Антонина старше Петра на пять лет, и всегда твердила ему, что молодость его да мужская красота привлекают ее. Поэтому она с ним рядом. А так бы давно другого нашла себе, посолидней да при должности. Желающие, мол есть, только прикипела она к Петру, и отпускать от себя не хочет.
А он просто привык к ней. Она красивая женщина, ничего не скажешь. Ну а характер да, строгий. Все должно быть по ее, иначе иди к себе, мол Петя, и подумай, в чем неправ.
Вот и в этот раз поссорились из-за пустяка какого-то. А он вместо того, чтобы у себя дома отсиживаться, взялся за эту поездку в Бельники, куда больше никто ехать не хотел.
Добрался наконец. Уже вечерело. Пока разгрузился, накладные подписал, в сельсовете заверил, уже и ночь спустилась. Ему предложили заночевать, да и мороз — ух как крепчал! А если с машиной что по дороге случится? Нет уж, лучше и вправду не рисковать.
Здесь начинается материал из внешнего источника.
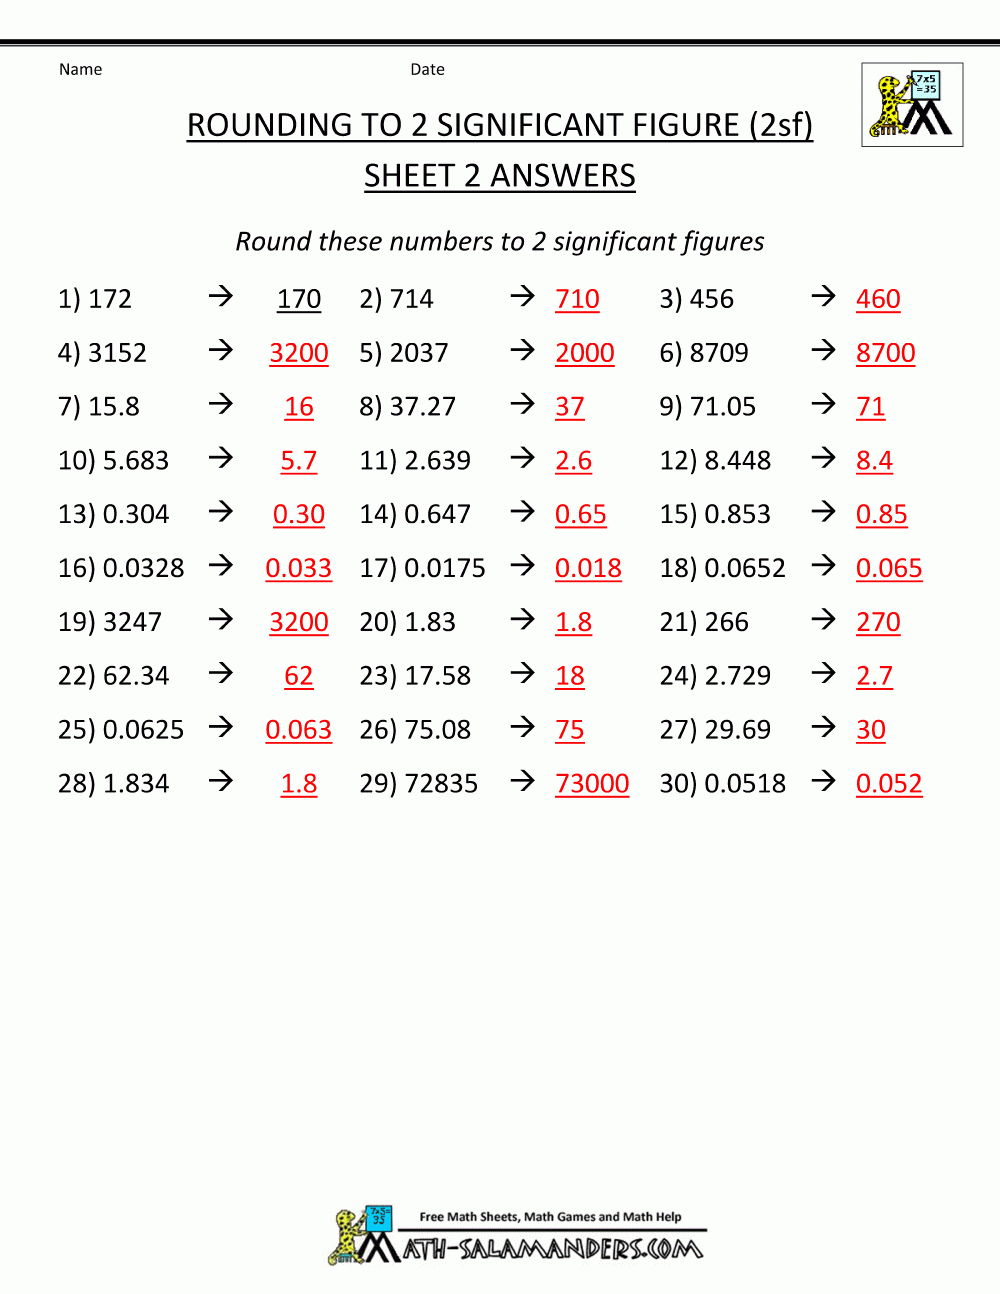 Rounding Significant Figures Worksheets Along With Significant Figures Worksheet Answers

Отвели его в пустой домишко, помогли печь растопить, городскому-то. Успел он и в магазин местный забежать, прикупил на ужин хлеба да консервов. Поел не спеша, чаю выпил и завалился на постель.
Да еще и журнал десятилетней давности нашел, «Наука и жизнь». Полистал, почитал и задремал, разомлев в тепле да на мягкой пружинистой кровати.
Но поспать не удалось. Среди ночи проснулся Петр от сильного стука в дверь.
— Открывай, мил человек! Помоги!
Вскочил Петр, дверь распахнул, на пороге мужчина в овчинном полушубке, в валенках, схватил его чуть не за грудки и умоляет бежать с ним в его избу, там у него жена рожает.
— К доктору надо! Сама никак, извелась вся. А на телеге разве доедем? Метель вон какая, да морозяка по сорок! Помоги, отвези к фельдшеру в село.
И правда, женщина молодая, лоб в испарине, глаза испуганные, стоны в крик переходят. С трудом усадили ее в кабину МАЗа, муж рядом пристроился кое-как. И поехали, куда он указывал.
— Чего ж дотянули до последнего-то? – спросил Петр.
Но оказалось, что роды раньше начались, и без доктора тут никак. Первый ребеночек, кто его знает, что делать. Бабка-повитуха и та отказалась «грех на душу брать», вдруг что не так пойдет.
Довезли-таки эту Аглаю, как оказалось ее звали, до сельского эскулапа, тот, несмотря на позднюю ночь, все быстро организовал, не растерялся и к рассвету принял роды: девочка родилась, Глаша, ну или Глафира. Красивое имя, заранее придумали.
Вернулись в деревню. Все обошлось и счастливый отец стал благодарить Петра за помощь. А перед его отъездом накормил да и подарок вручил – часы наручные. Самое дорогое, что в доме было. Отказывался Петр, у него есть часы, а этому мужичку в деревне они нужнее. Но тот ни в какую!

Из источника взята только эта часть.